Wide receiver: The Vikings don’t have a legitimate No. 1 receiver that can create mismatches on the outside. They have a star receiver in Percy Harvin, but he’s a slot guy who needs help to increase his playmaking opportunities.

MEDICAL WATCH:

-RB Adrian Peterson had surgery on Dec. 30 to repair torn anterior cruciate and medial collateral ligaments in his left knee. Peterson has historically been a fast healer, but obviously there is great concern about his future. TheVikings said they’re hopeful that Peterson can return in time for the start of the 2012 regular season.

-RB Toby Gerhart injured the medial collateral ligament in his left knee in the season finale on Sunday. It’s not expected to be a long-term injury. He’ll be monitored for two to three weeks to determine whether he’ll need surgery.

-LG Steve Hutchinson ended the season on injured reserve because of a concussion. He’ll be 35 next season and is due to make $6.95 million. The concussion, coupled with the likelihood that he’ll have to take a pay cut to stay with the team clouds his future with the team and in the NFL.

-FS Husain Abdullah, who missed the final seven games of the season because of two concussions, said he’s contemplating leaving the game. He said he’s had four concussions the past two years and wants to collect more information on his potential risks before deciding what to do in 2012. Abdullah, 26, is an unrestricted free agent.

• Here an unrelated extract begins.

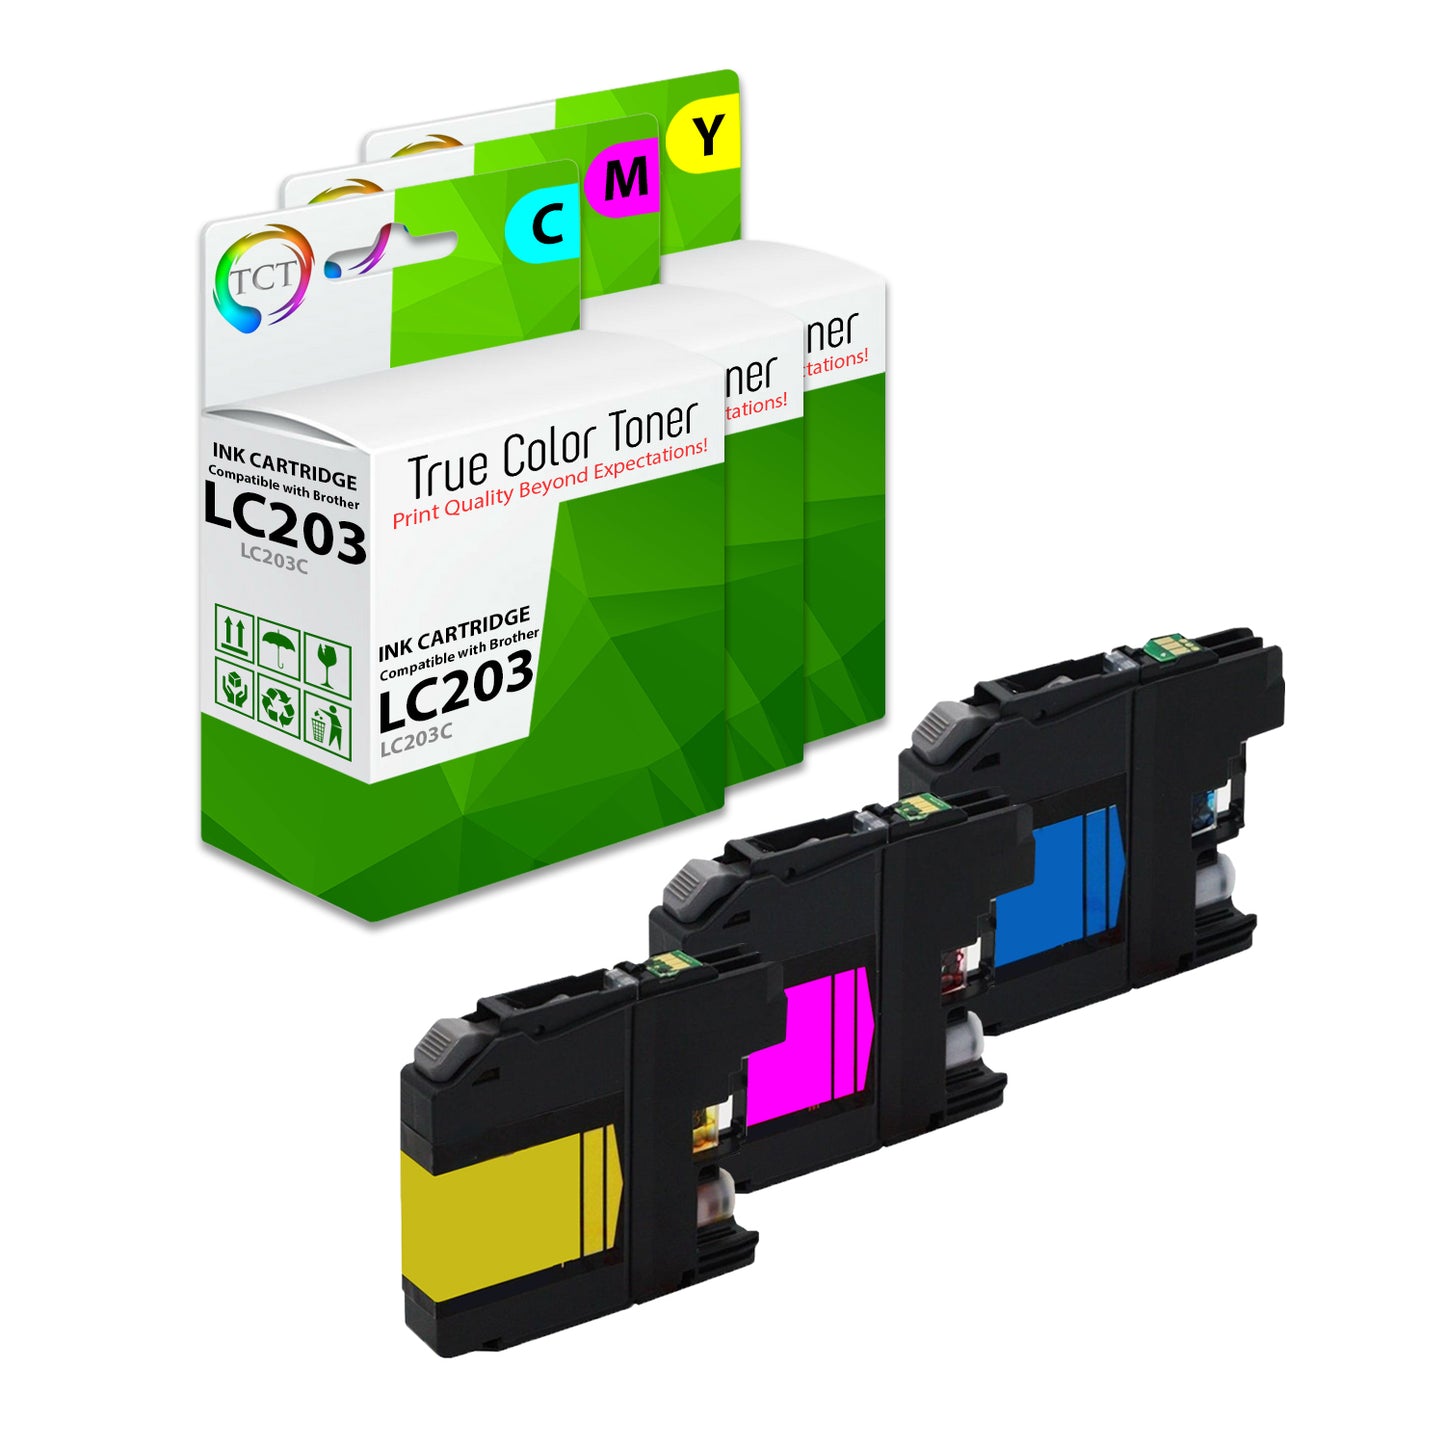 TCT Compatible Ink Cartridge Replacement for the Brother LC203 Series - 3 Pack (C, M, Y)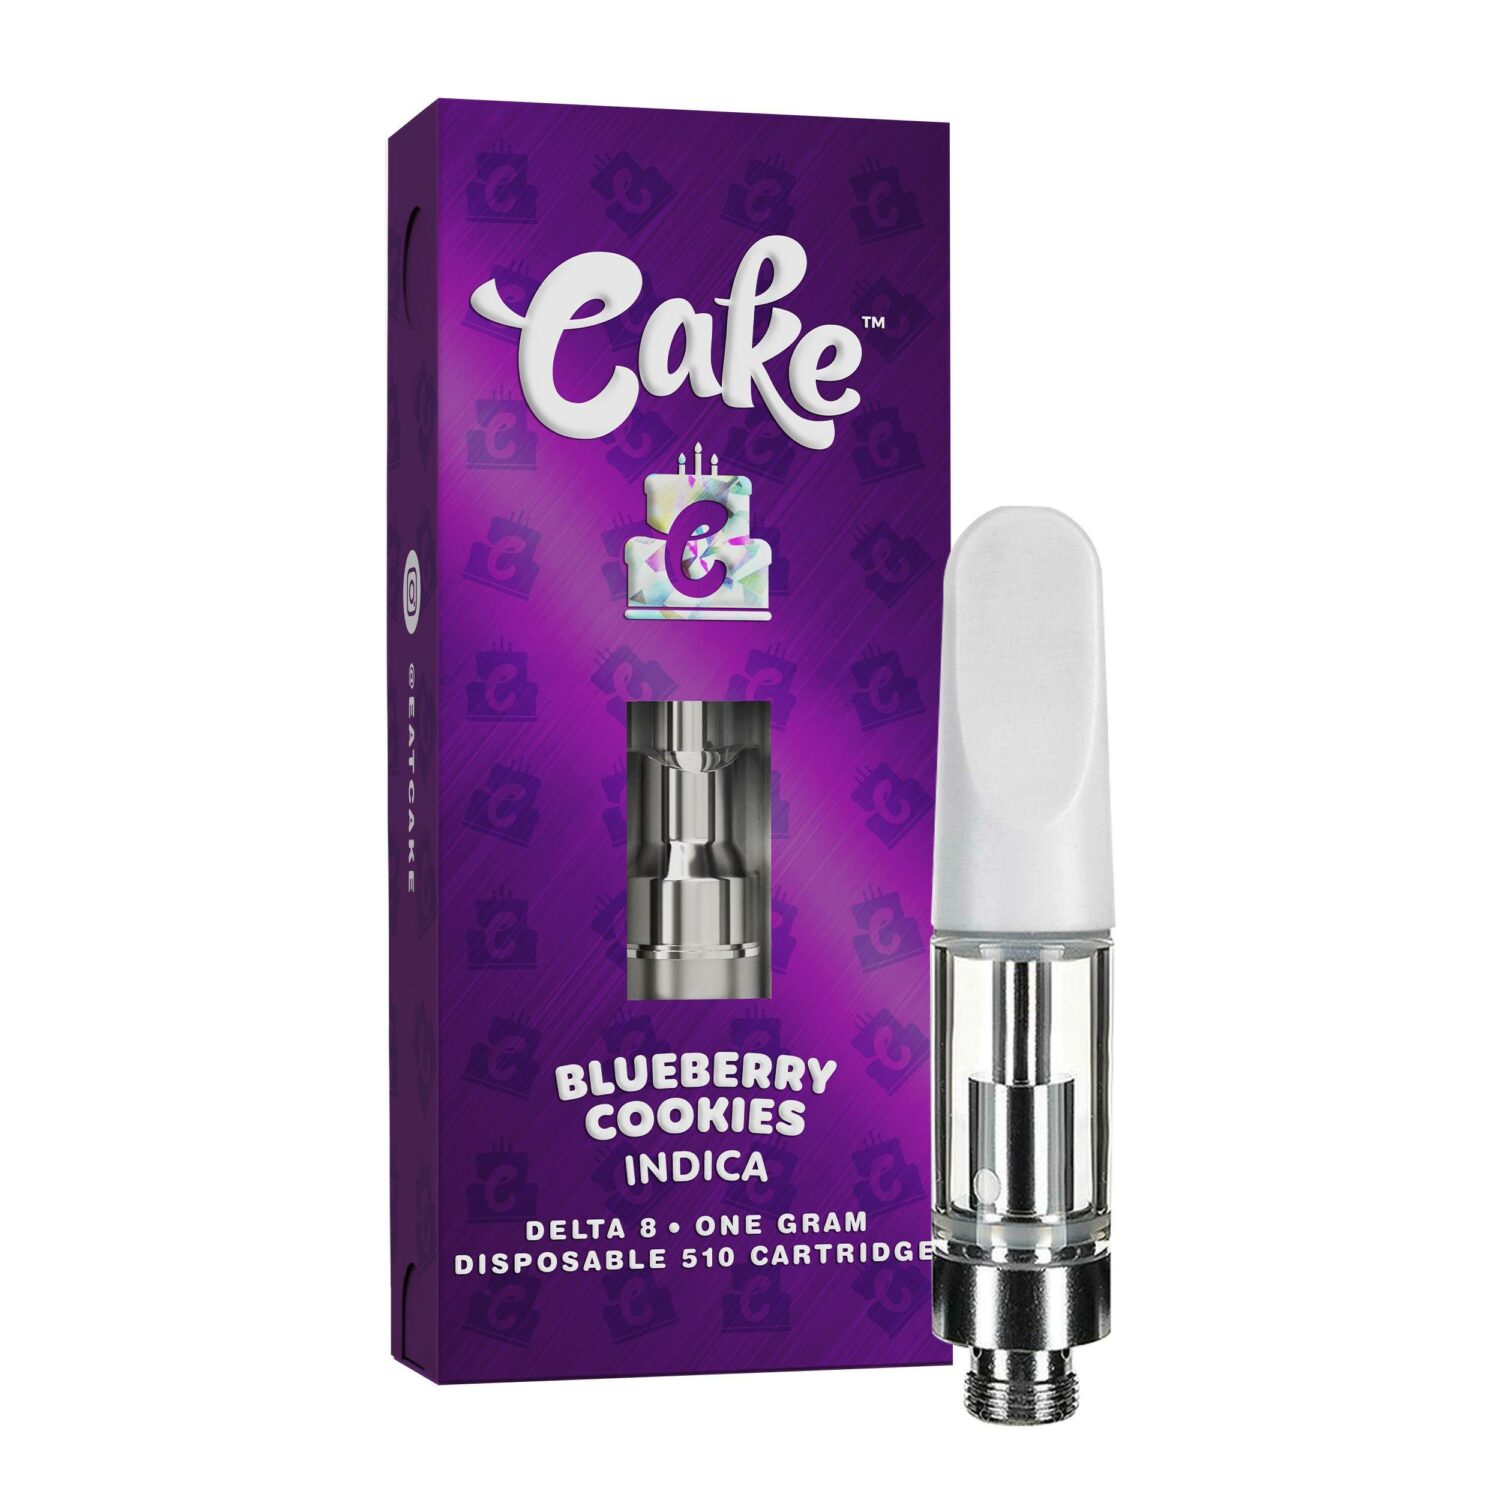 d8gas-cake-delta-8-cartridges-blueberry-cookies-scaled-1.jpg

-QB Christian Ponder left the season finale after re-injuring the right hip pointer that he originally hurt on Dec. 4. It’s not expected to be a long-term issue. He’s staying in Minnesota this offseason, so he’ll rehab the hip while working with offensive coordinator Bill Musgrave to put a rough rookie season behind him.

-CB Antoine Winfield, who missed 11 games because of neck and clavicle injuries, said there’s no reason to believe he can’t return to top form in 2012. He’ll be 35 next year, but says he’ll be OK because his injuries this season weren’t to his legs.

-SS Tyrell Johnson had surgery a month ago to repair a detached hamstring. Heading into unrestricted free agency this offseason, Johnson said he’ll be 100 percent in five months.

-WR Michael Jenkins missed the final five games because of a knee injury, but will be fine for 2012.

-LS Cullen Loeffler, who missed the final five games because of a bone fracture in his lower back, will be able to participate as soon as offseason activities begin.

-LB Jasper Brinkley, who missed the entire season because of hip surgery, is expected to return for the start of next season and is the favorite to replace starter E.J. Henderson, who is an unrestricted free agent.